In the beginning, as it should, remember Freud, or rather the story that connects him with Philip Galsman. Philippe Halsman (1906 - 1979) - the founder of surrealism, friend of Salvador Dali, in 1928, even before he became a photographer and famous, was sentenced to ten years for the murder of his father, dentist Morduchei (Mark) Galsman. Galsman Sr. died during an excursion in the Austrian Alps, having fallen from a great height. No one, except his twenty-two-year-old son, saw this tragedy, but the Innsbruck court found Philip a murderer. As a matter of fact, there was no evidence. But the Galsmans were Jews and were not citizens of Austria. Nazi sentiments in the Alpine Republic in those years already influenced all aspects of life, including justice. It looks, which is why the verdict turned out to be a condemnation. The case became scandalous. A pan-European public protest arose against the bias of the court. Many celebrities spoke up in defense of Philip Galsman, among them Albert Einstein and Thomas Mann. Two years later, the guy was released, demanding to immediately leave Austria.

During the trial, the defense of Philip Galsman made an unexpected move. A forensic psychiatric examination carried out at the Faculty of Medicine of the University of Innsbruck (which has now, since 2004, become the Medical University of Innsbruck), recognized that the defendant had an Oedipus complex - the motive for the murder. And the lawyer, on the same basis, made the opposite conclusion and demanded to release his client from responsibility for the death of his father. Freud criticized this approach. The creator of psychoanalysis did not see the connection between the presence of the Oedipus complex and predictable parricide. After all, the Oedipus complex is always present, and that is why it cannot be used in deciding the question of guilt.
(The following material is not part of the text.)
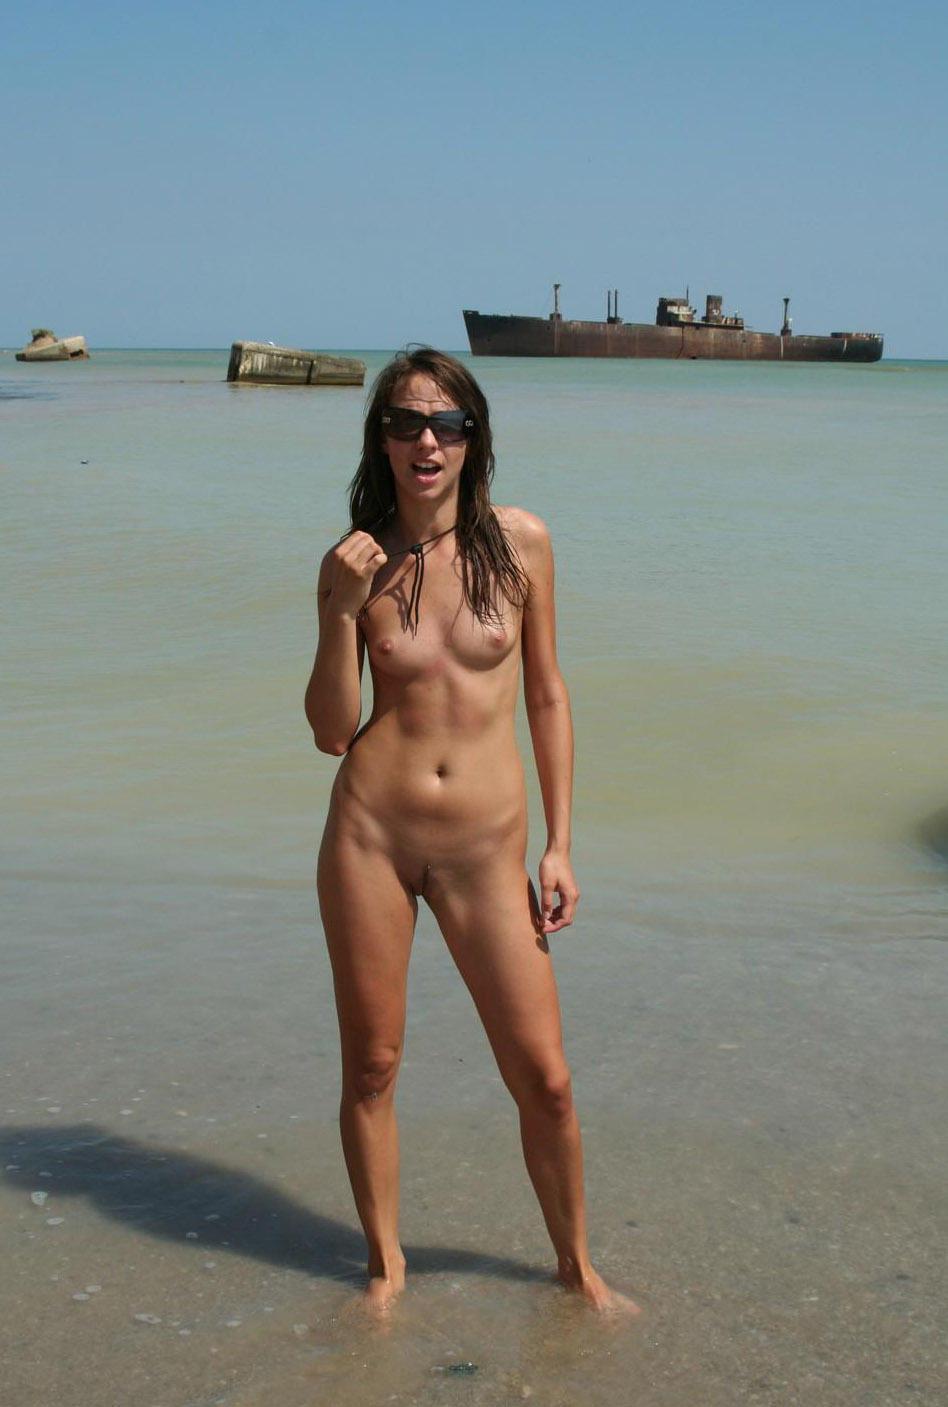 Nudist beach babe exposing her naked body

Thus, Freud established an intellectual boundary in an arbitrary speculative sense. There is an oedipal conflict, but it is interpreted as a universal human psychological background, and not as a direct motive for the crime.

Let's go back to the crisis in Ukraine: is there a conflict between the “Russian World” and the “European choice”? Certainly so. This political and public debate has been going on for many years. The two revolutions of 2004 and 2014 became the quintessence of this confrontation of worldviews. Is this something unique? Certainly not. Examples of Catalans, Basques, Scots, or Belgian cleavage come to mind. The difference between these conflicts and the Ukrainian conflict is that they occur within the Western world, and not on its border. There is no near-by stagnating empire striving to move its borders, an empire where compromise is considered a manifestation of weakness, and the conflict is resolved by destroying one side of it.

The modern Western tradition keeps the conflict mainly in the form of a civilized discussion, trying to find a source of development in the tension created by it. Therefore, it may be difficult to understand the logic of the actions of the aggressors there.

And therefore, things must be called by their proper names. There is ideological tension in Ukraine (as in many other countries), but this is the background, not the direct cause of the killings. If we understand this conflict as a civil war, and not as an external military invasion against the background of general tension, then all our subsequent conclusions will be deliberately false. Just as the internal psychological oedipal conflict is neither the reason nor the justification for the real murder of a real father, so the internal ideological crisis in Ukraine does not explain and does not justify a real act of aggression on the part of Russia: with real saboteurs, with real tanks and a really whipped passenger by plane.

In the case of Galsman, Freud distinguished between the mental and the legal. He understood her well. Do we understand it?